By and large where we see a lot of traders, and certainly investors, getting themselves into trouble is when they try to time the market. With futures traders that is obviously part of the game, and I certainly understand that. However, even the futures trader needs to understand when a particular market is susceptible to violent knee jerk reactions that can quickly get them upside down on a trade. As I have mentioned to a number of our clients over the past 10 days, this is certainly that kind of a market, and if you are unable to monitor your positions frequently throughout the day you might want to hang on the sidelines until the volatility subsides.
Coming into the open this morning we had the E-mini S&P 500 December contract opening at 1648.50, and subsequently trading sharply higher through the lunch hour to a high of 1680.25. This 32 point move can be attributed to the announcement over night that the Republicans were going to present a plan to temporarily raise the debt ceiling for a period of 6 weeks, essentially in an effort to buy more time for negotiations. The problem, however, is that as of 1:00pm EST this is far from fact and is more in line with a rumor at this point as nothing has officially been accepted. Is this our typical "buy the rumor sell the fact" scenario? Not unlikely. Which means we could easily find ourselves back down 32 points.

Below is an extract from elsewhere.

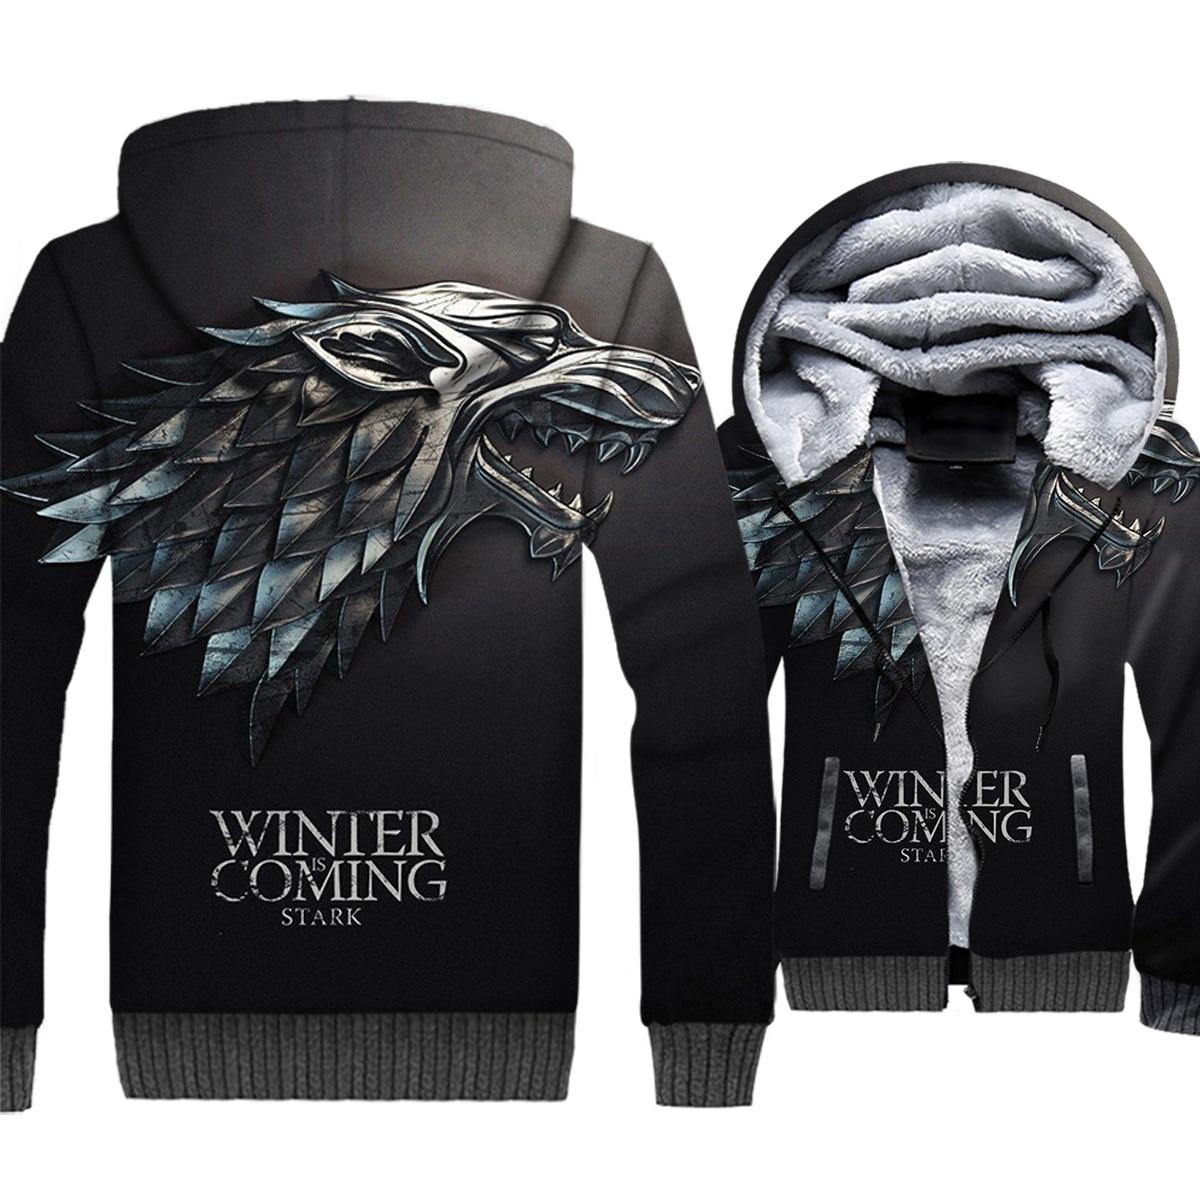 Game Of Thrones House Stark Wolf 3D Hoodies Sweatshirts hommes 2019 hiver chaud vestes décontracté grande taille Zipper manteau marque vêtements

From those that I have been speaking with on other trading desks this morning, the rally in the broader market is primarily a result of short covering by some of the larger funds who were positioning themselves around the belief that the debt negotiations would carry on for another week plus, into and possibly beyond the final hour. With the announcement overnight, these same funds were quick to cover those shorts in hopes of not getting caught up in an official deal announcement of some sort. For those playing the same side of the market as the institutions, and finding themselves away from their trading screen this morning, this could have presented a major problem.
The moral of the story here is that you need to understand exactly the type of market you are trading in, and adjust your trading approach to properly mitigate risk within that market. A failure to make this adjustment, and to treat every market the same, is a recipe for disaster.